Uncertainty about tariffs is serving to put a damper on business investment, manufacturing is slowing down and the service section is falling. The good news is unemployment remains low nationally and even lower in Kansas, especially western Kansas.
That’s the word from Chad Wilkerson, vice president, economist and branch executive with the Oklahoma City office of the Kansas City Federal Reserve, who presented an economic forum to a packed room in Dodge City on Aug. 9.
The Federal Reserve at the national level has a dual mandate from Congress, Wilkerson said. The first is to work to maintain maximum employment, defined as 4.1% unemployment. The second is to keep prices stable, defined as an inflation rate of 2%.
On both fronts, the Fed is currently succeeding, Wilkerson said. The national unemployment rate stands at 3.7%, and inflation so far this year is at 1.8%. He said the slowing economy in the Kansas City Fed region, which includes Kansas, Oklahoma, Nebraska, Colorado, Wyoming as well as western Missouri and northern New Mexico, is being affected by a severe downturn in agriculture and a smaller drop in oil and gas production.
On a national level, the slower economy is the result of falling energy prices and a strong dollar, as well as a slowdown in the world economy. Energy prices have been affected by tightening credit to energy firms as the fundamentals of supply and demand have weakened. However, the economy is still growing despite slowing down, he said. And the labor market remains strong.

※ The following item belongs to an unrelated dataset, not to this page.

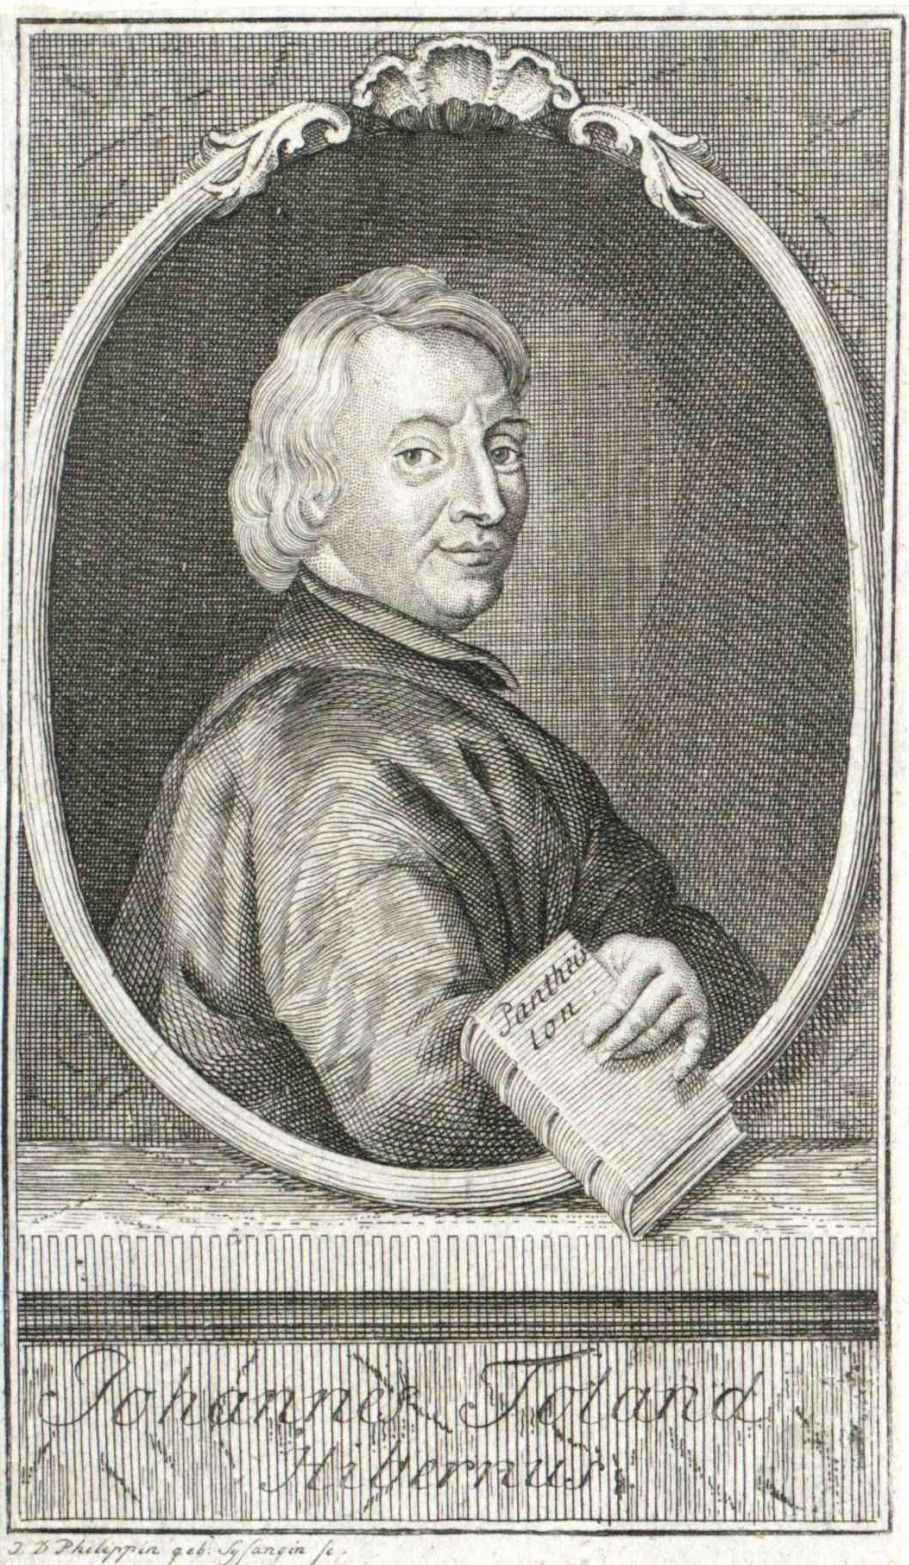 John Toland (November 30, 1670 - March 11, 1722), Irish philosopher.

As a result of those conditions, the Fed decided at its June meeting to lower the interest rate by 25 basis points, based on a cloudy economic outlook and inflation below the target level. That was a decision that drew a statement of dissent from Esther George, who heads the Kansas City Federal Reserve.
George said that in her opinion, incoming economic data and the outlook for economic activity over the medium term, no change in the federal funds rate was warranted. However, she said, a change in conditions would change her mind.

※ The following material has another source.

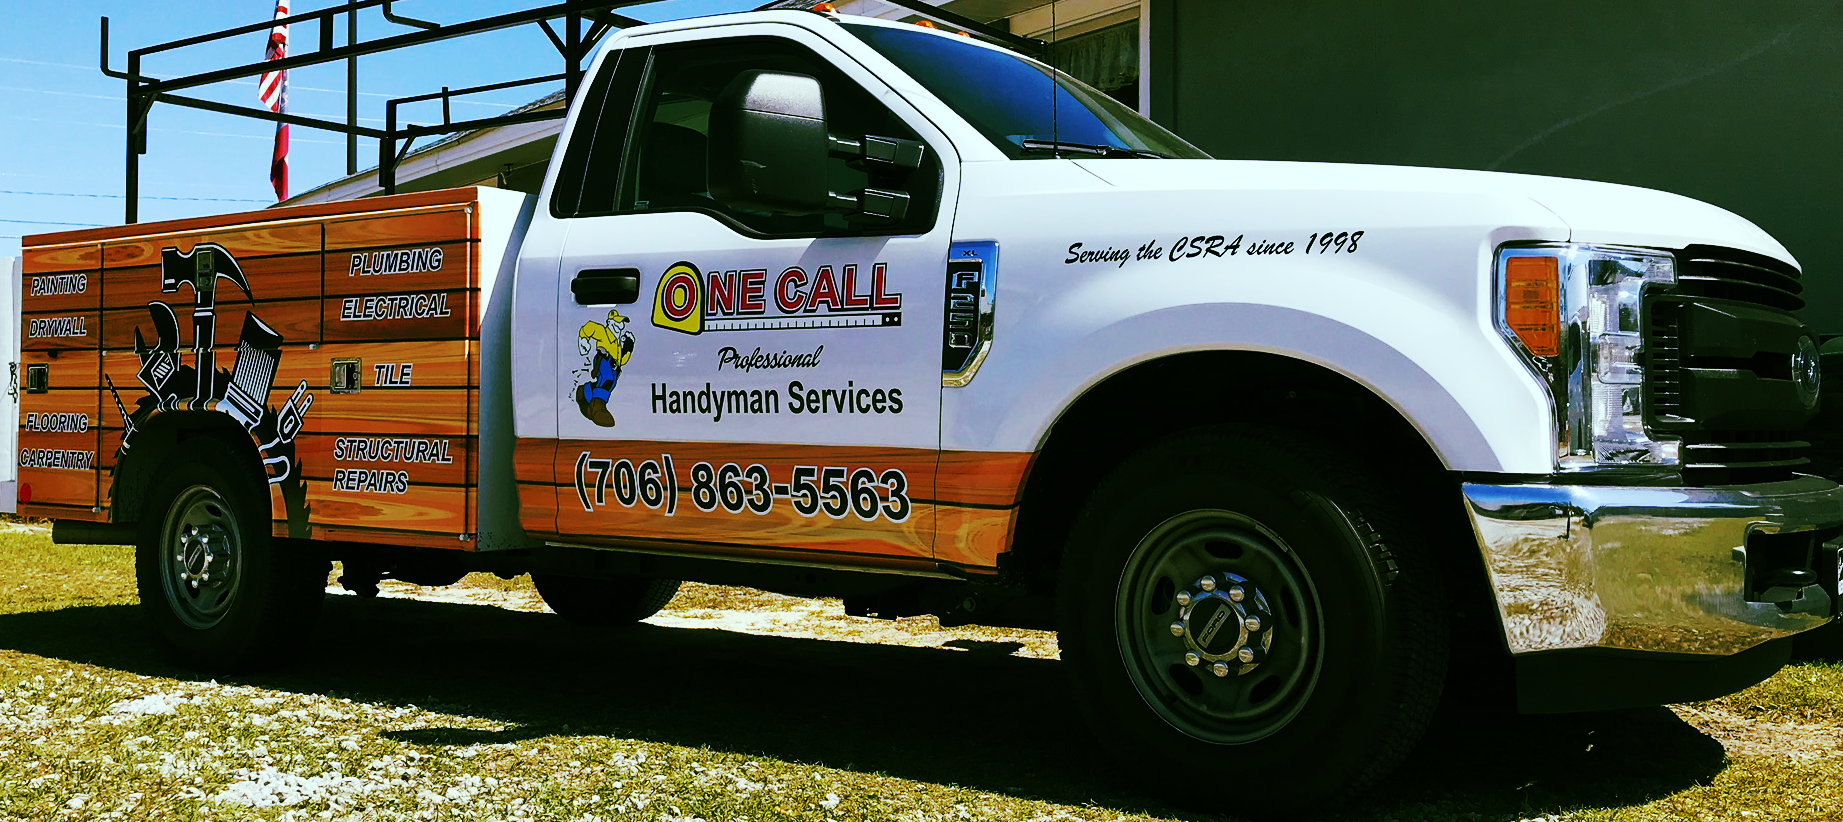 One Call Handyman Services

“There are certainly risks to the outlook as the economy faces the cross currents emanating from trade policy uncertainty and weaker global activity,” her statement read. “Should incoming data point to a weakening economy, I would be prepared to adjust policy consistent with the Federal Reserve’s mandate s for maximum sustainable employment and stable prices.”
Turning to Kansas economic news, Wilkerson said that the pace of Kansas employment growth has remained sold in the metro areas but has been slower in southwest Kansas. While the national jobless rate stands at 3.7%, Ford County is between 2% and 3%, and the rate of job growth has slowed.

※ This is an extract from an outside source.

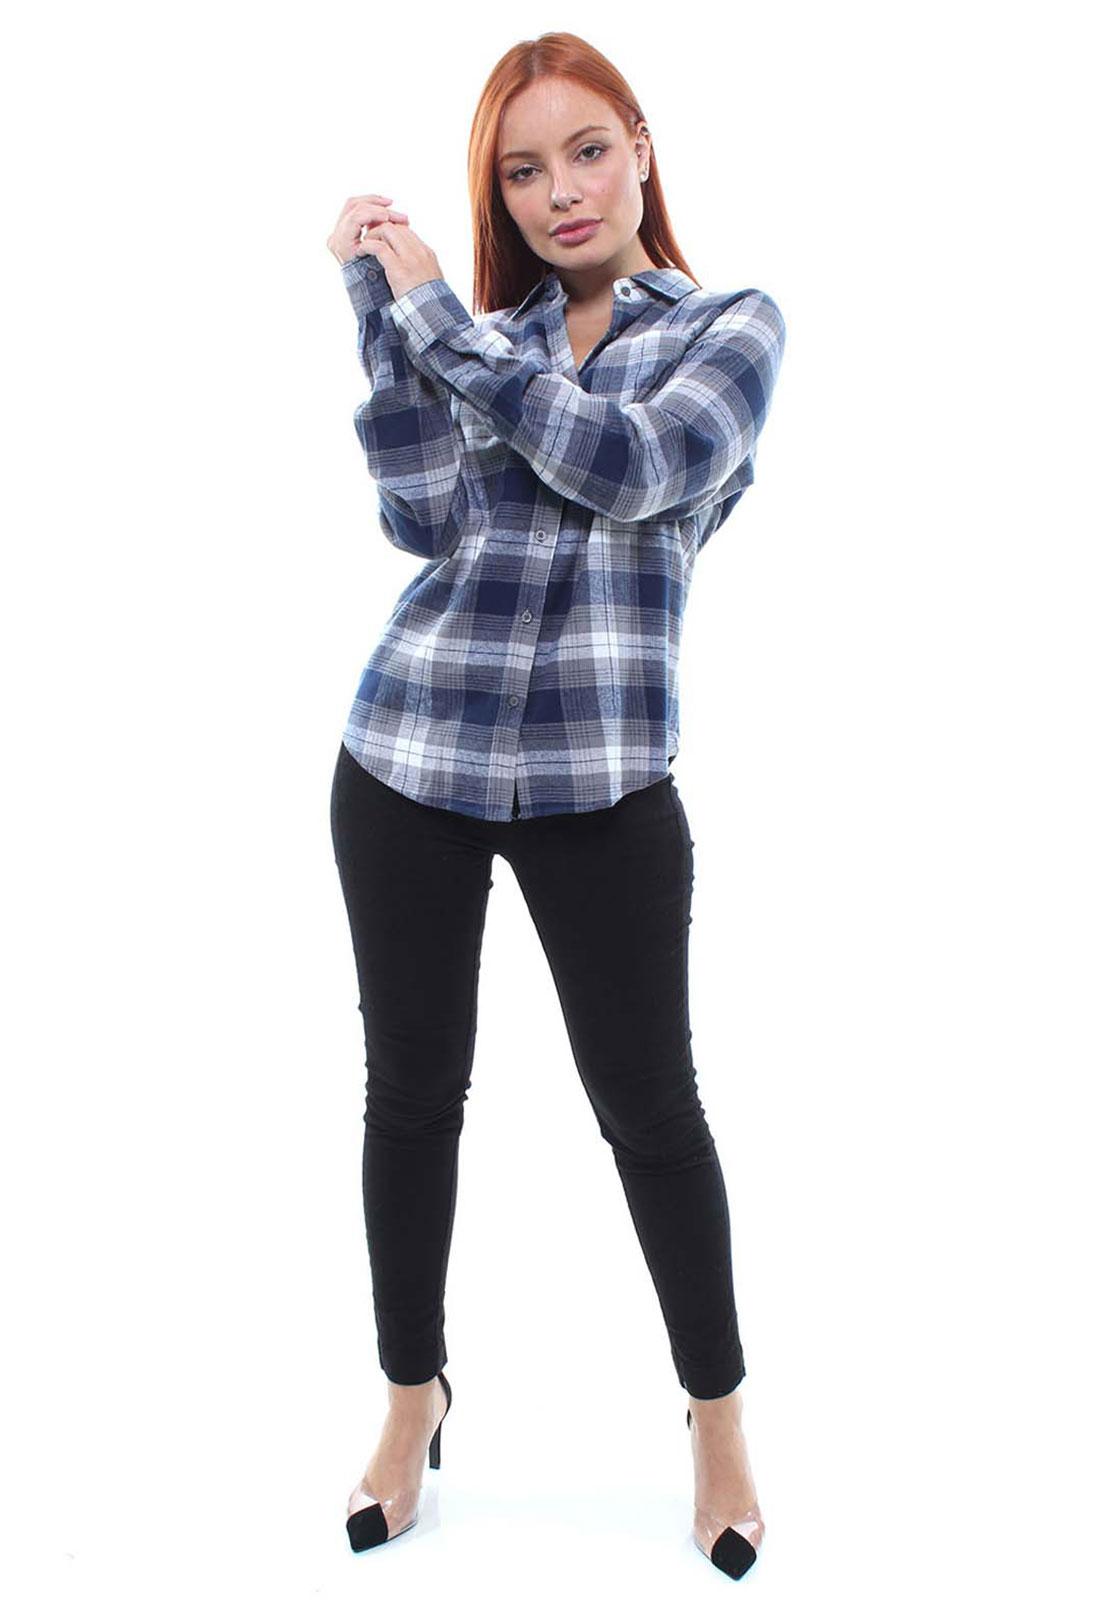 Camisa Feminina Xadrez Flanelada Crocker - 46893  - CROCKER JEANS

“The very low unemployment rate is responsible for holding back job growth,” he said. “In part, that is because employers cannot find workers to fill the jobs they would like to create.”
District energy activity has slowed over the past nine months as prices have ticked down closer to marginally profitable levels of $53 to $54 a barrel for oil land $3 per mcf for natural gas. Drilling and business activity has slowed, credit has tightened, and the expectations are for the decline to continue, he said.
It is trade policy uncertainty and supply chain disruption that has caused the expansion in manufacturing to slow down, Wilkerson said. A recent survey found that 25% of manufacturers in the region say they have had to change suppliers as a result of tariffs. He said businesses were surveyed by Kansas City Fed employees during their visit to the region the second week of August.
He said there are expectations that agricultural incomes will begin to rebound somewhat, but that a farmland values will remain mostly flat. Cattle and wheat prices are down from earlier in the year, but are similar to recent years, while corn has finally begun to see some recovery.
Trade policy, especially the ongoing trade war with China, is holding down exports. This has resulted in an oversupply as well as lower prices for soybeans and hogs, which had seen China as a major buyer. Kansas is below the national average in production of both hogs and soybeans, so its economy has been impacted less than that of states to the east, he said.
Asked about how the goal of 2% for inflation was derived, Wilkerson said it is easier to deal with moderate inflation than minor deflation. He said wage growth is also tied to the inflation rate, and that allowing it to fall too low could have a negative impact on wage growth, which has already been stagnant.
He said that while the Fed is keeping an eye on agricultural credit conditions, there has not yet been a tightening of credit to the sector.
Employees of the Kansas City Federal Reserve have been traveling the region, surveying businesses by region and holding economic summits to report on their findings to local businesses.